Data extract:
■ ■ ■ ■ ■
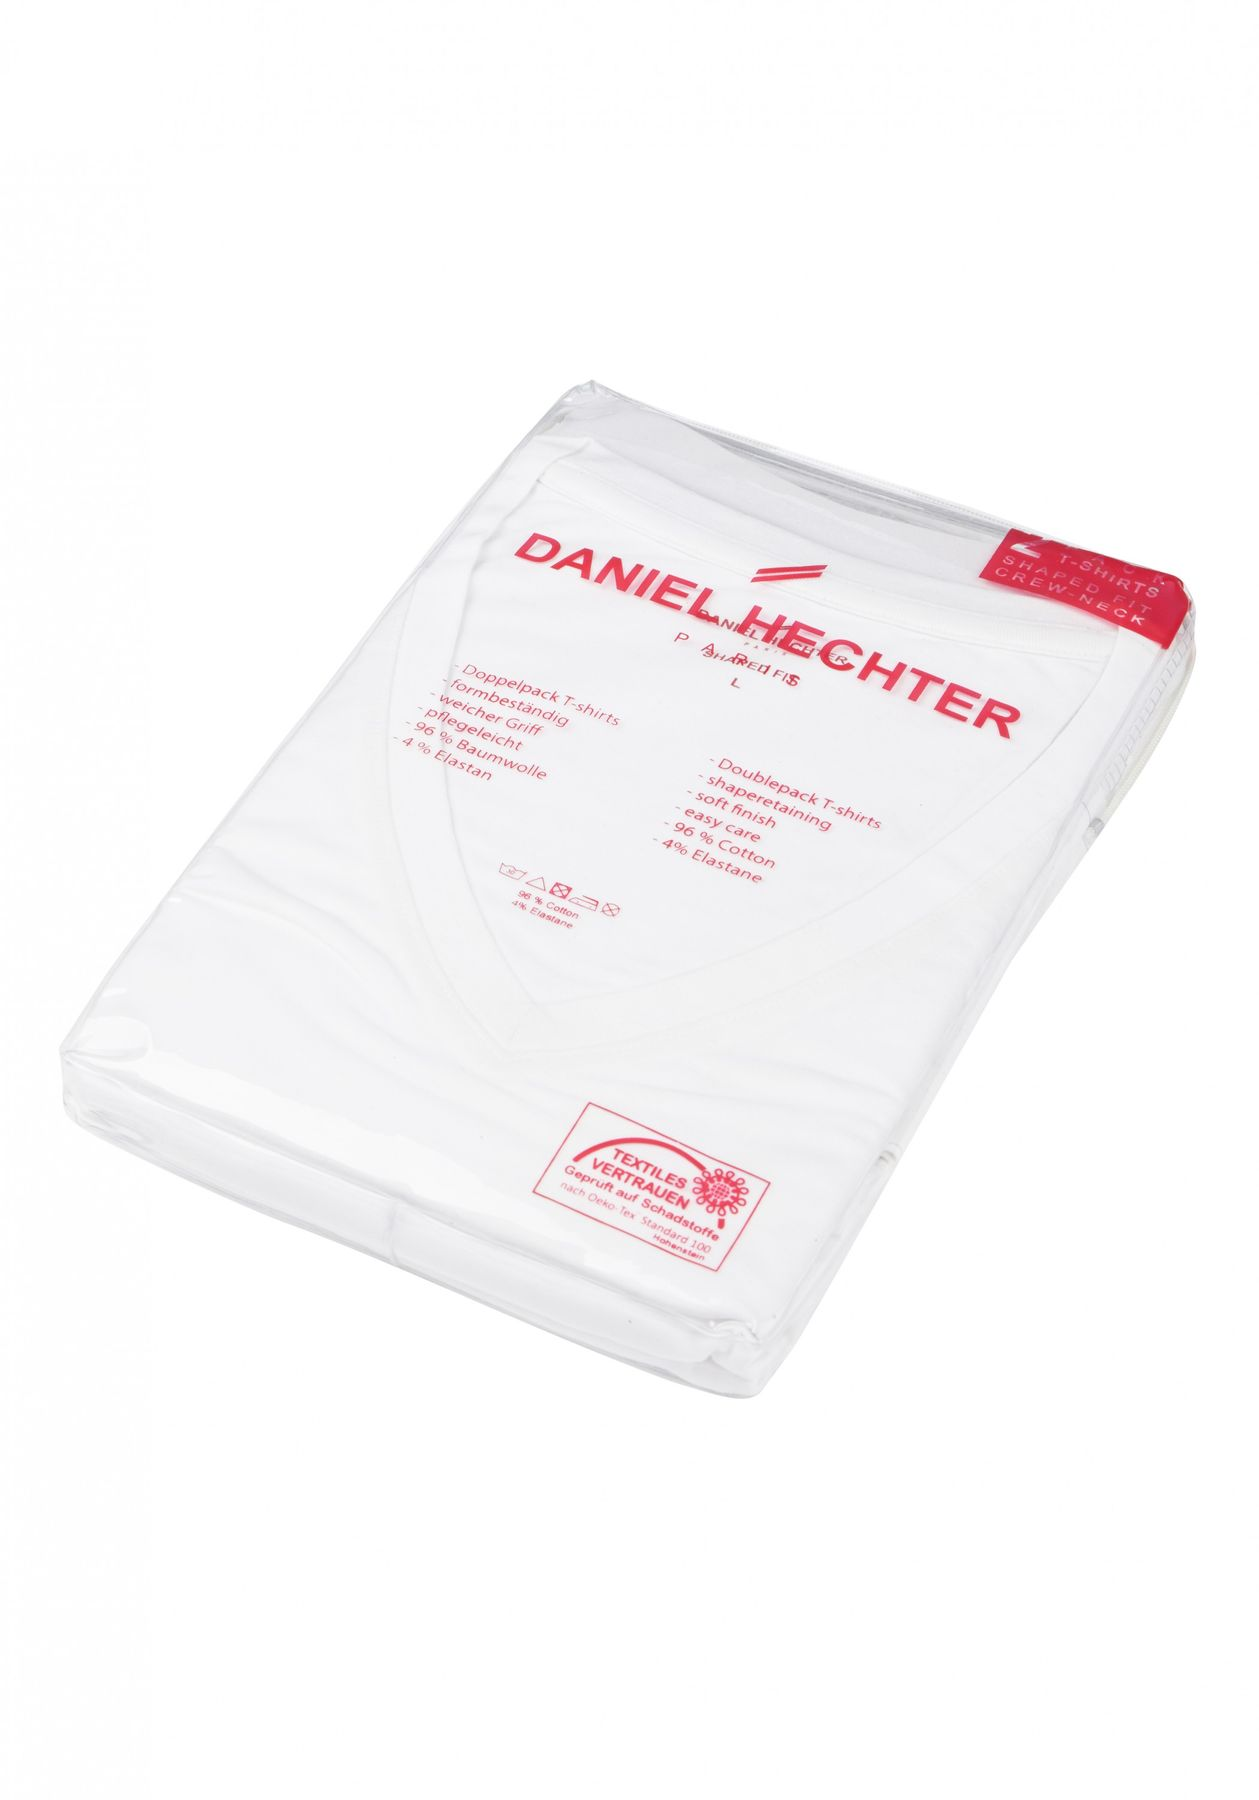 Daniel Hechter - Shaped Fit -  Doppelpack Herren Kurzarm T-Shirt in weiß, S-3XL (470 10281) – Bild 3
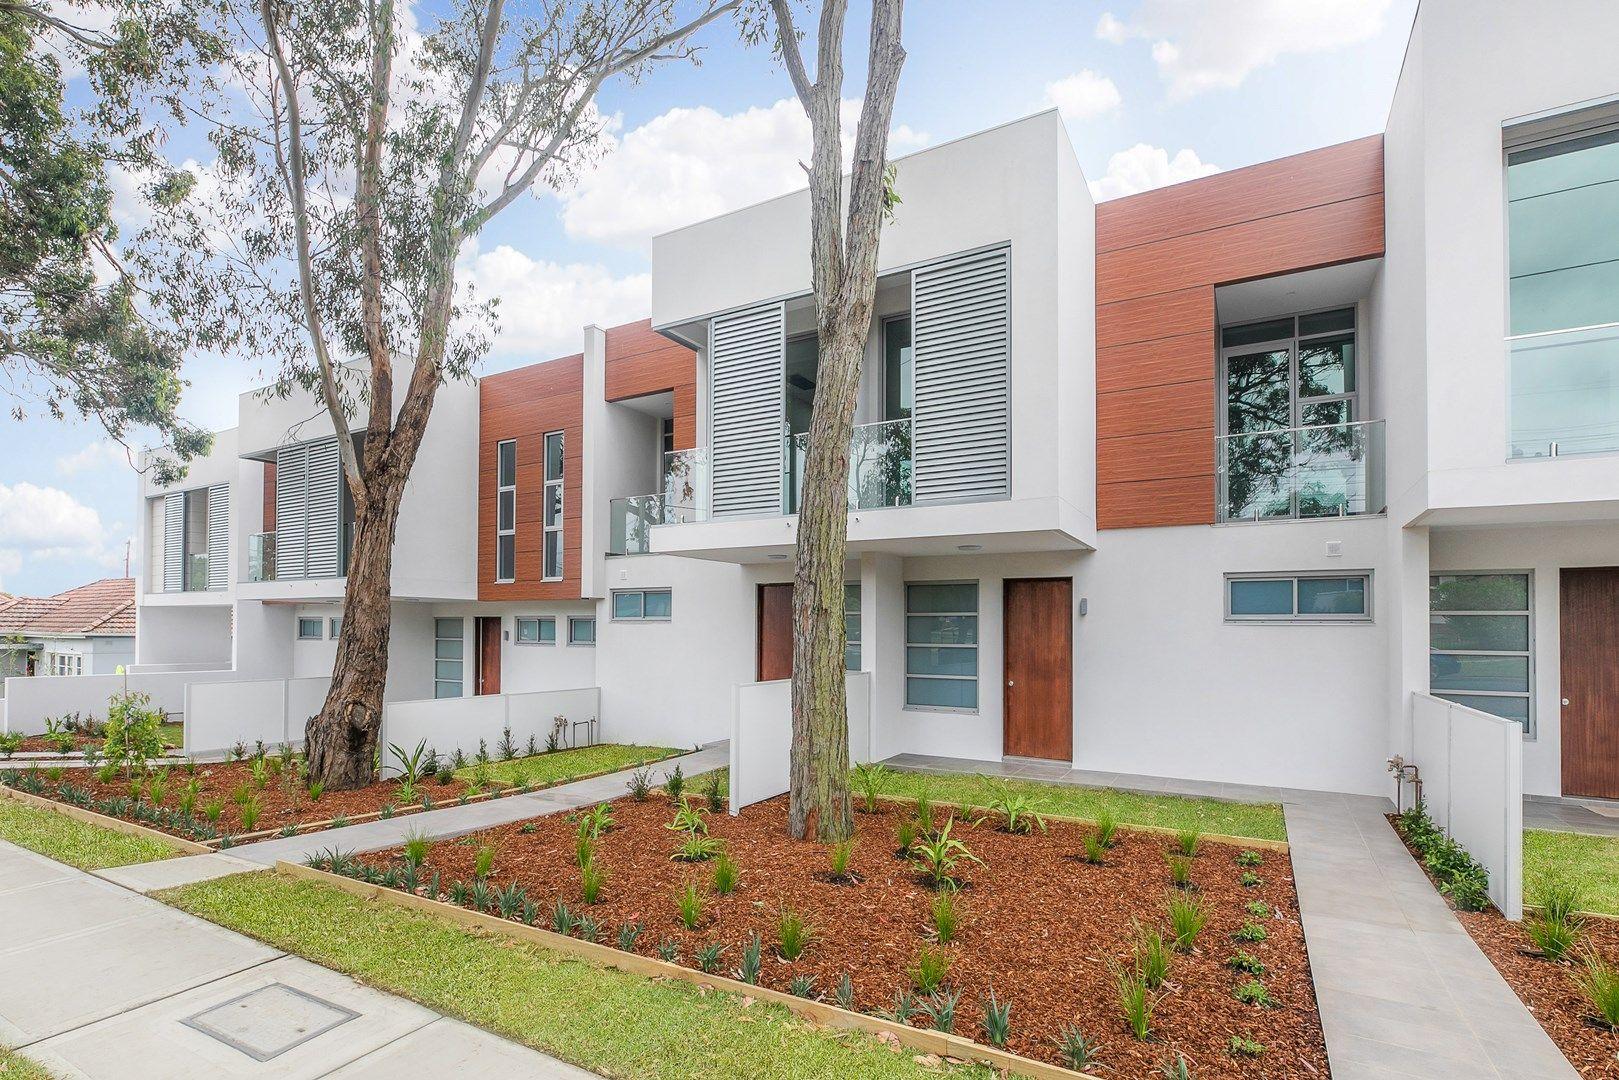 1/6 Hotham  Road, Kirrawee NSW 2232, Image 0
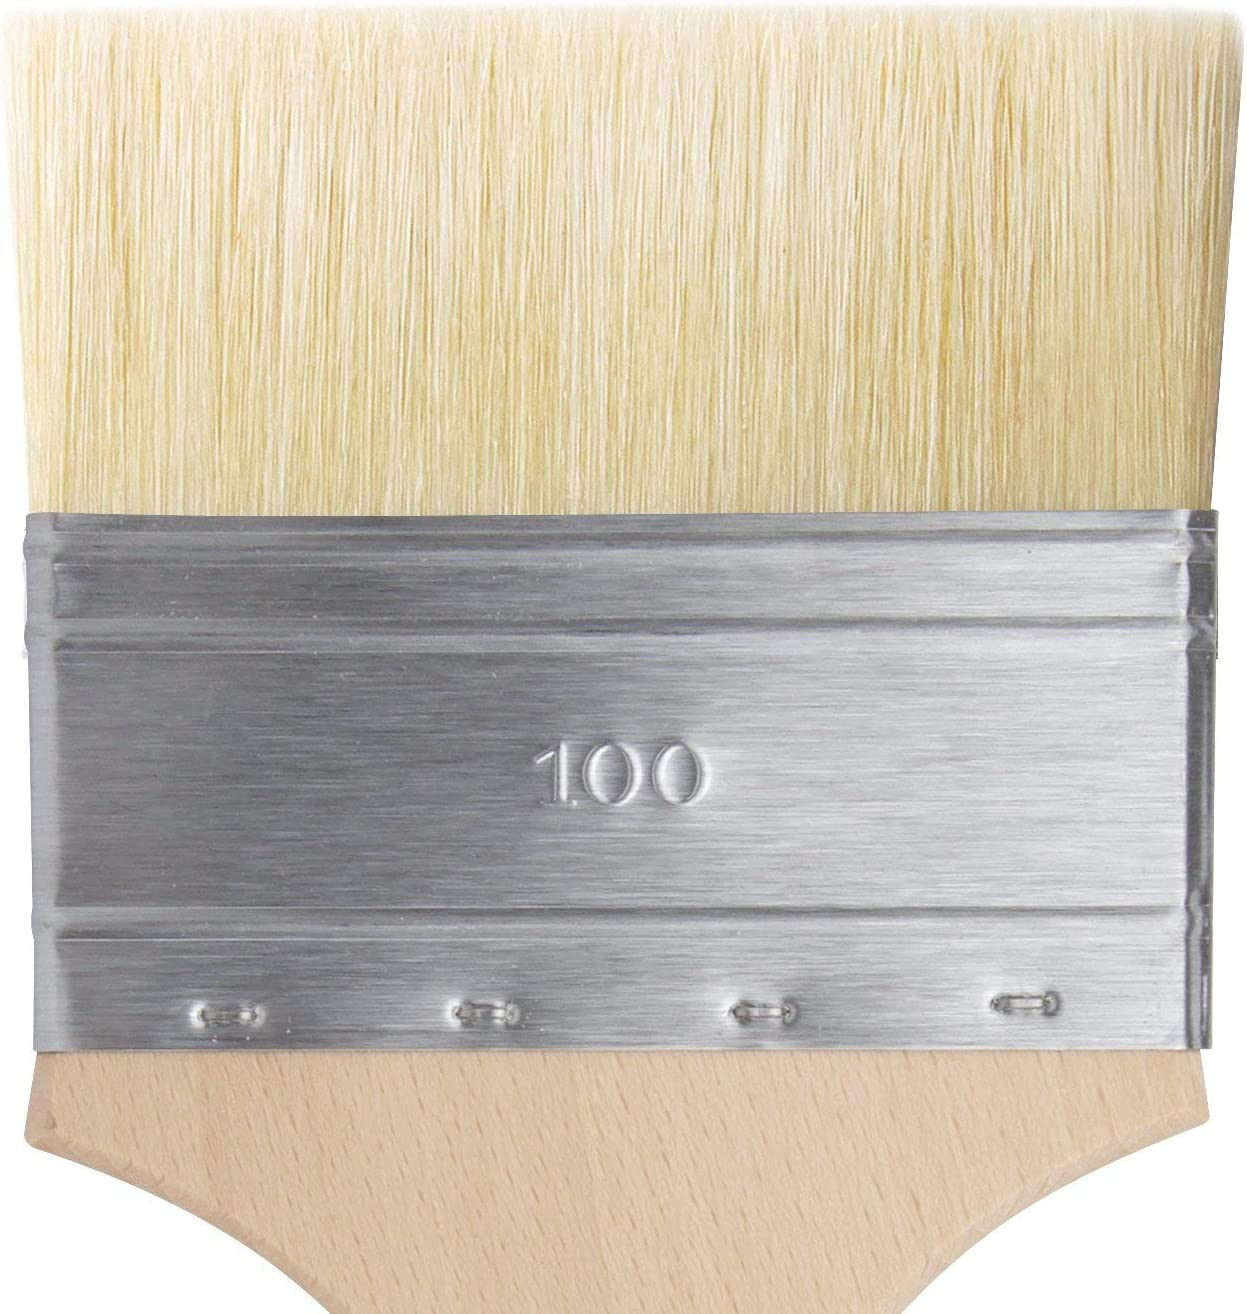 da Vinci Varnish /& Priming Series 2470 Mottler Brush 2470-20 Medium Hog Bristle with Plainwood Handle Size 20
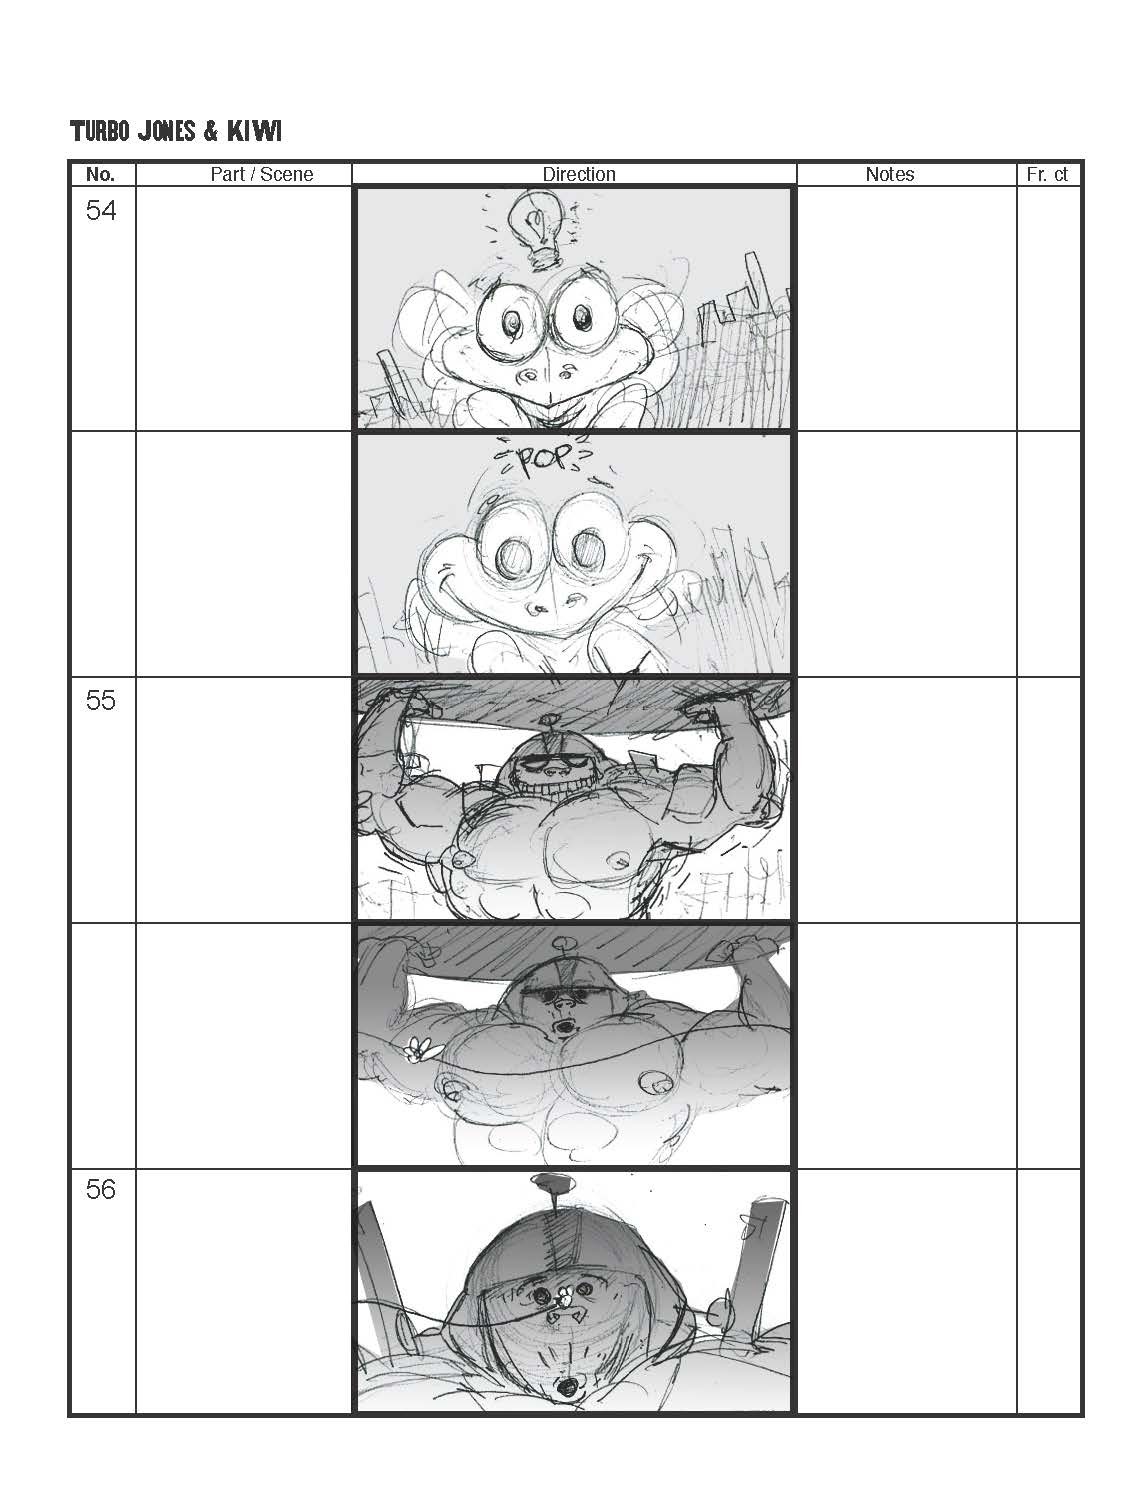 TJK_Storyboards_v01_HIGH_Page_28.jpg
■ ■ ■ ■ ■
Activity: Before copying the data, remove the pictures. Then repeat the rest exactly.

Response to this exercise:
 Daniel Hechter - Shaped Fit -  Doppelpack Herren Kurzarm T-Shirt in weiß, S-3XL (470 10281) – Bild 3
 1/6 Hotham  Road, Kirrawee NSW 2232, Image 0
 da Vinci Varnish /& Priming Series 2470 Mottler Brush 2470-20 Medium Hog Bristle with Plainwood Handle Size 20
 TJK_Storyboards_v01_HIGH_Page_28.jpg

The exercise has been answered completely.